Promises from Futura Medical over the outlook for its contraception line have failed to prevent a share sell off.
The Aim-listed company’s share price had slumped by a more than 10 per cent by the market close in London.
Futura said it was close to achieving regulatory approval for a longer shelf life and partner launch for its line of condoms.
The specially designed contraception is meant to help men maintain an erection and maximise penis size, although it has had shelf-life issues that have delayed the launch of the product by its commercial partners.

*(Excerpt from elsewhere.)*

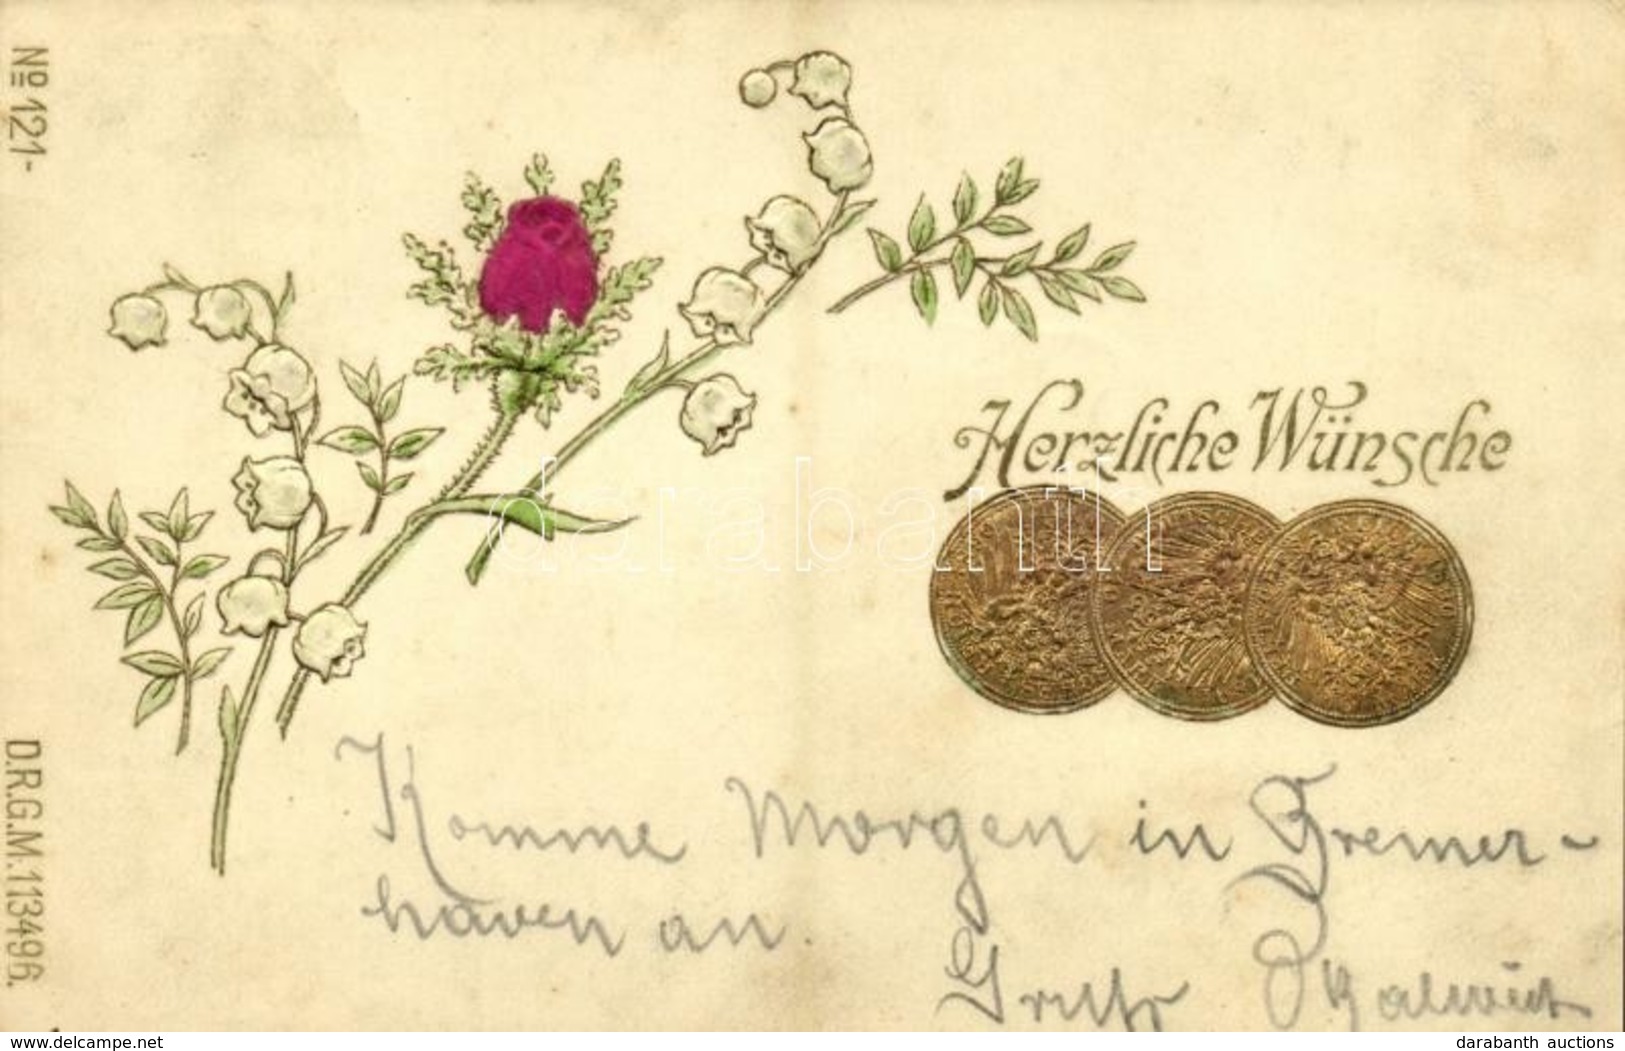 T2 1900 Herzliche Wünsche. Deutsche Reich 10 Mark / Coins Of Germany. Greeting With Flower, Silk Card. DRGM 113496. No.  - Ohne Zuordnung

Losses before tax at the company narrowed to £2.26m in the first half of 2017 from £3.02m the year before, as research and developments costs reduced to £1.79m from £2.48m. Futura ended June with £2.9m in cash, down from £7.23m a year earlier.

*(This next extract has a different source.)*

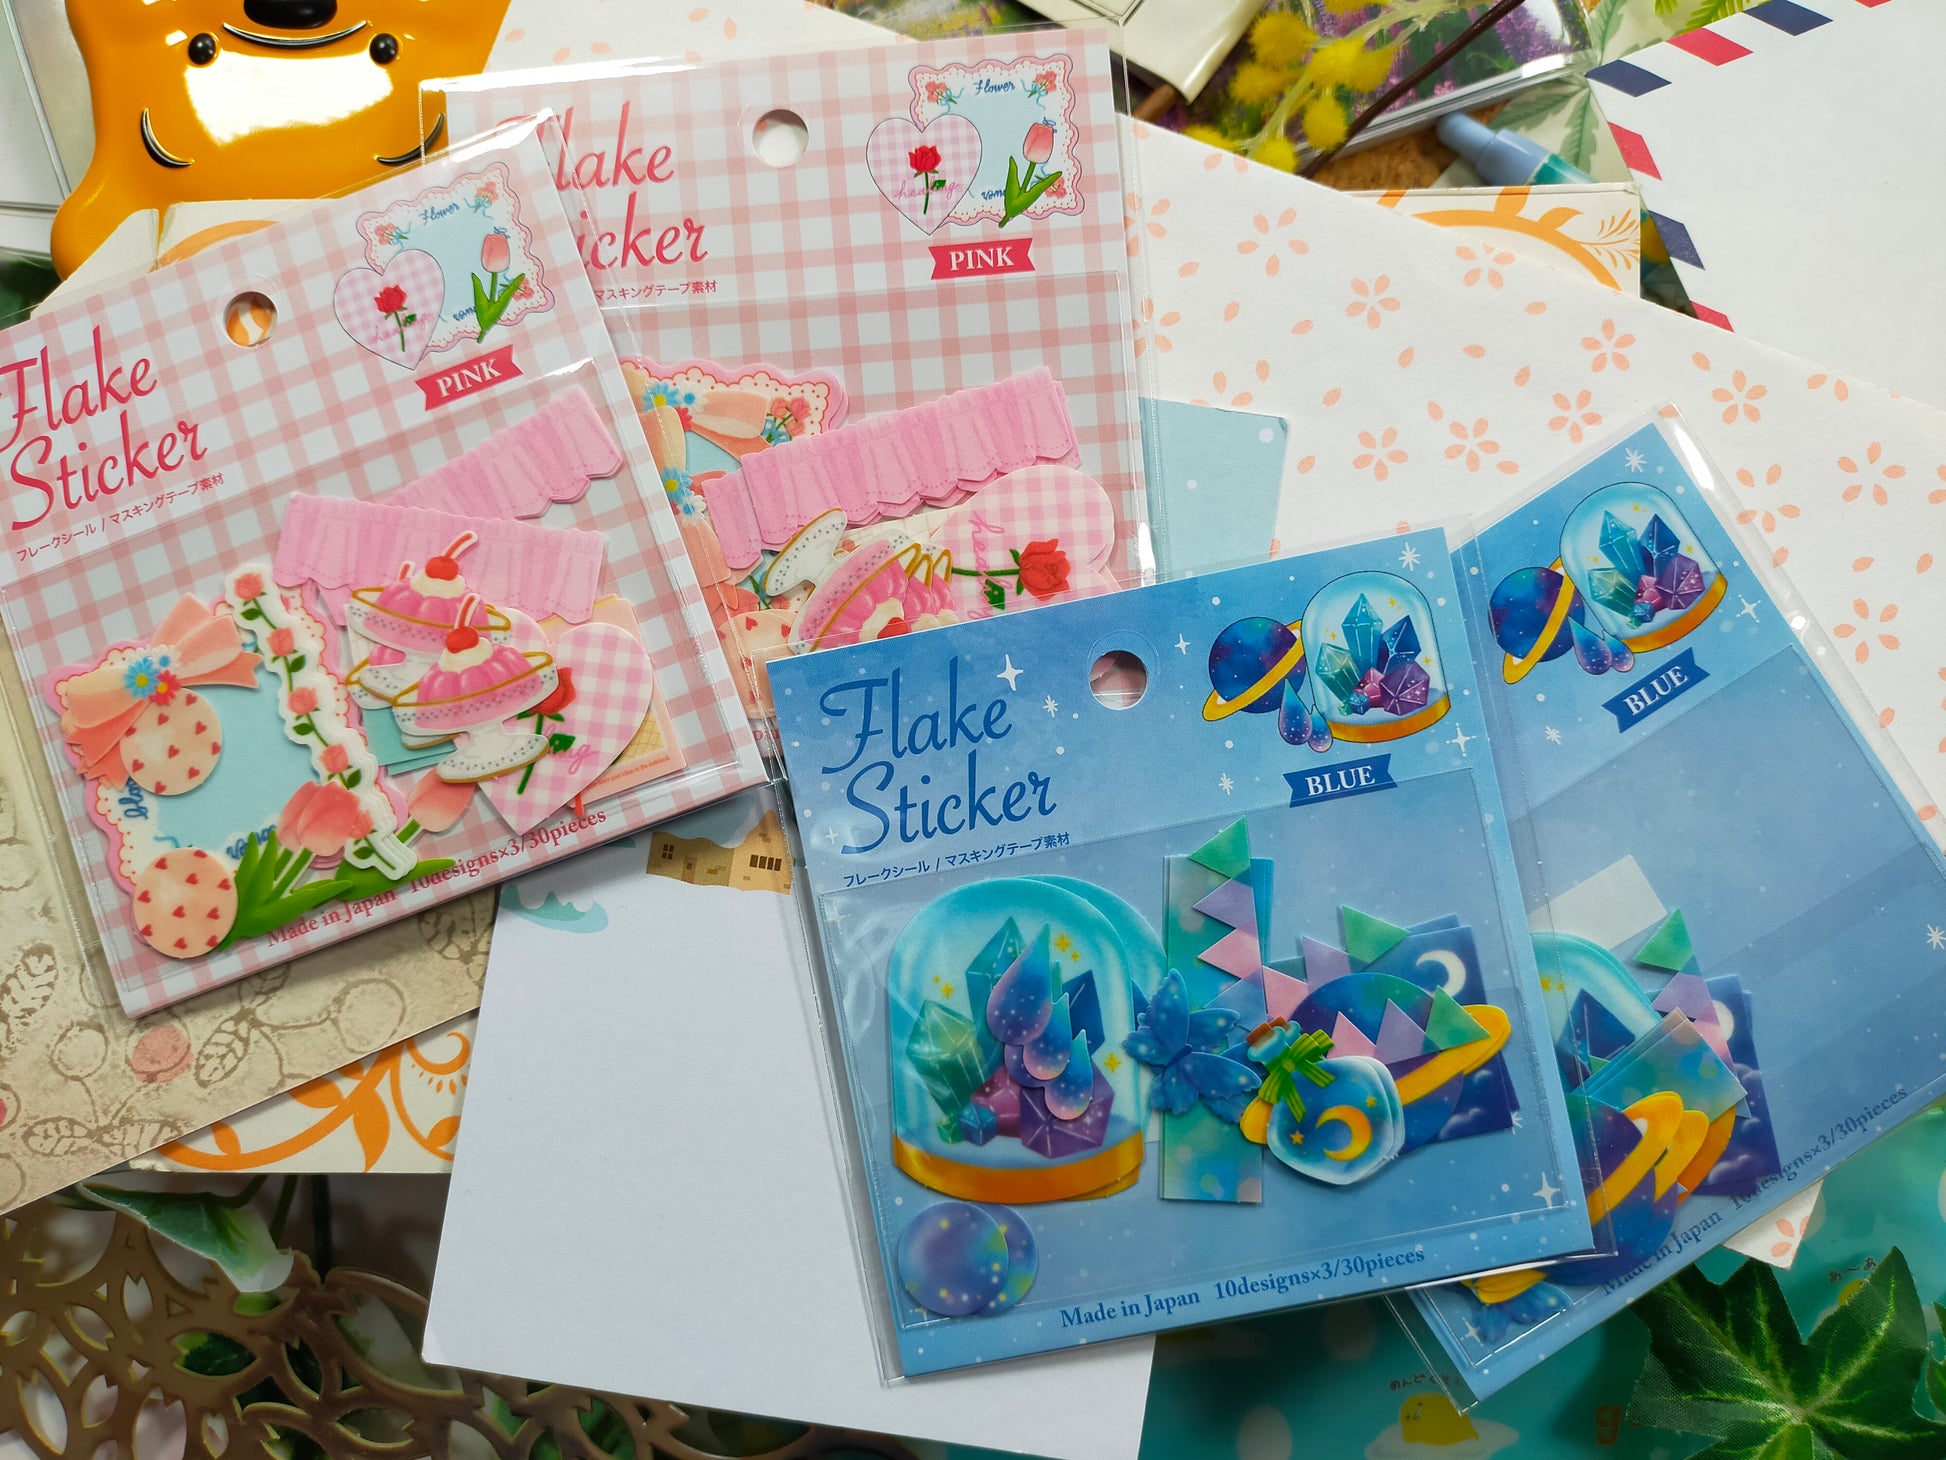 Flake Sticker 10designs*3pieces,GAIA _Pink Flower /Blue Materials

Shares in the company more than doubled earlier this month after it announced trials of its erectile dysfunction treatment had found it to be effective, safe, and with the potential to be the fastest-acting product available on the market.

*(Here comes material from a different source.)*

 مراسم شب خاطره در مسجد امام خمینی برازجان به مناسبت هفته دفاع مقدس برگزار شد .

“We continue to make good progress in the clinical and commercial development of our portfolio of product opportunities. This was highlighted last week with the announcement of positive clinical study results for [the erectile dysfunction treatment]. We are increasingly excited about [its] commercial potential as well as the first partner launch of [the condom] later in the year and the first pain relief out-licensing deal,” said Futura’s chief executive, James Barder.